So, from that standpoint, again, fighting for cultural diversity is a fight for humanity, for the better survival of human civilization.

When you put these two elements together, it is understandable that from this perspective, it is internationalist duty for whoever opposes market globalization, whoever opposes the dominant organization for the economy now taking place with this globalization of markets, struggling for the sovereignty of nation-states, and struggling for the preservation of the cultural diversity of different groups of people, communities, nations, and states, is of most importance. There is no antagonism.

That being said, when Québec Solidaire established itself in 2006 a lot of more ethnic nationalists (as opposed to the civic nationalism that Québec Solidaire promotes) were criticizing us, asking “where is the nationalist credo in your declaration?” We began by saying not that we are for the independence of Québec, but that we are internationalist first. Our solidarity and our loyalty is to global humanity.

And it’s true from that approach of Montesquieu when he was talking about his family, France, Europe and humanity; that is how we approach the question of nationalism, or the Québec people’s right to self-determination, to decide whether or not to become an independent state. Montesquieu was asked about how he prioritized between France and Europe, and he said: If I know something good for my family but not for France, I will try to forget.
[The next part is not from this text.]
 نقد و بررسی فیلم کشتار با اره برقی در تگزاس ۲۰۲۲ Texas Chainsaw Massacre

If I see something good for France, but bad for Europe, I will oppose it. If I see something good for Europe but bad for humanity, I will fight it with the utmost energy.
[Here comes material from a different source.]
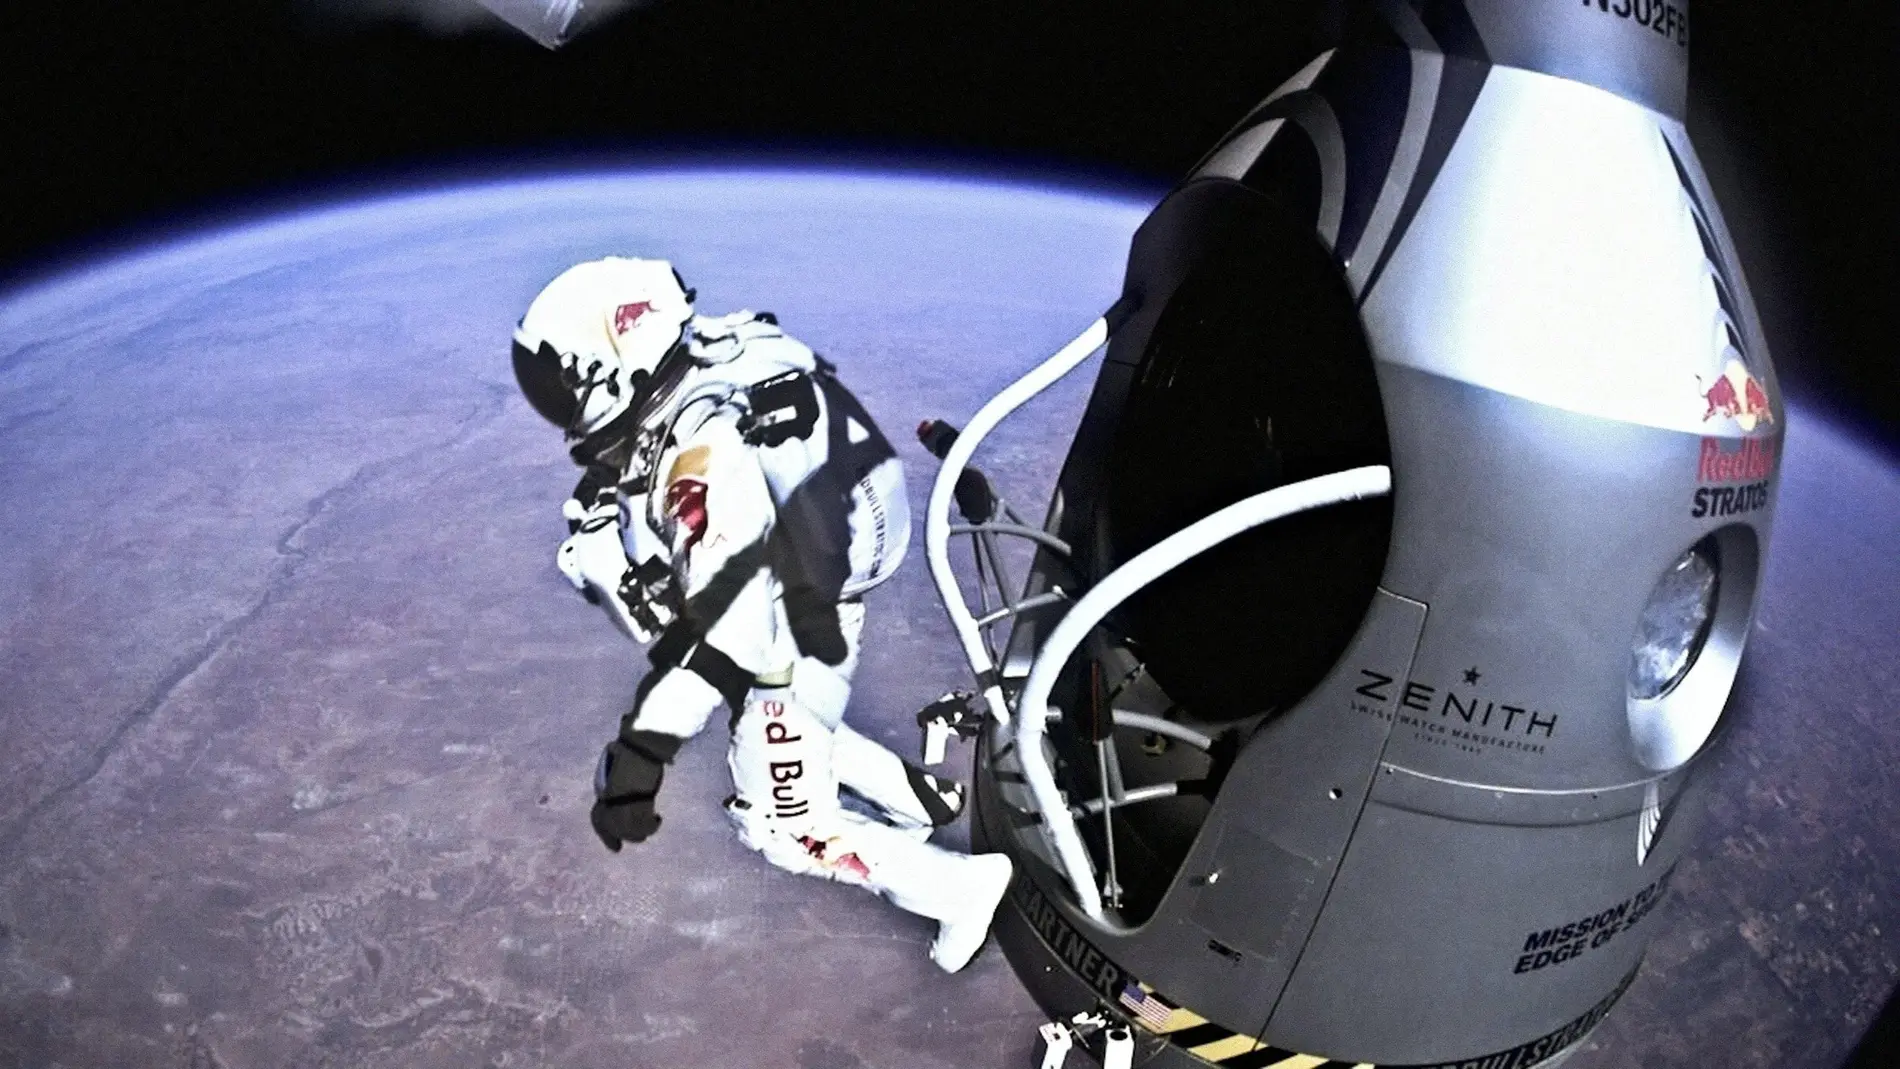 Felix Baumgartner se prepara para romper la barrera del sonido durante la misión Red Bull Stratos a las puertas del espacio.

So it’s the same approach, but that doesn’t mean that as internationalists we have to abandon our defense of the necessity for the Québec people to obtain their independence and their sovereignty. After that we can, of course, discuss if Québec independence would guarantee any capacity to fight global market rule, or to fight the little-by-little disappearance of what makes the particular diversity of Québec society. It is at stake there as anywhere else in the world.

That’s why progressives in Québec need the support of progressives in the rest of Canada. That’s why whenever asked about this question, this delicate question of the sovereignty of Québec, I insisted on saying to the late Jack Layton that we are surely to celebrate the first day of independence if it happens, but the next day at 8 o’clock in the morning, I will be in Ottawa, knocking on the door if I have to, to make a new proposal to the Canadian people for the foundation of a new alliance, of a new basis of community between the people of Québec, the people of Canada, and the First Nations (which were, of course, forgotten in 1867, and are still forgotten in 2013).

In the same way in Latin America a lot of anti-globalization projects within civil society, and a lot of political projects from the different socialist or left-wing experiences in different countries, are all based on the idea that there will be a common building of an alternative to global markets and to capitalism. Within the popular and union movement, there is continuous seeding from different countries, and within the political states there is constant coming and going, seeding, influence and many explicit proposals of cooperation. I would suggest that we begin to think in Canada, in the popular, union, and left movement of a global, pan-American, or continental social alliance — not just by going to the meetings of each other, or finding ourselves once in a while in the World Social Forum, but trying to build a common political framework, a common political proposal for a continental alliance of people, even if these states are independent and sovereign, as Latin America peoples are trying to do. Thank you for your attention.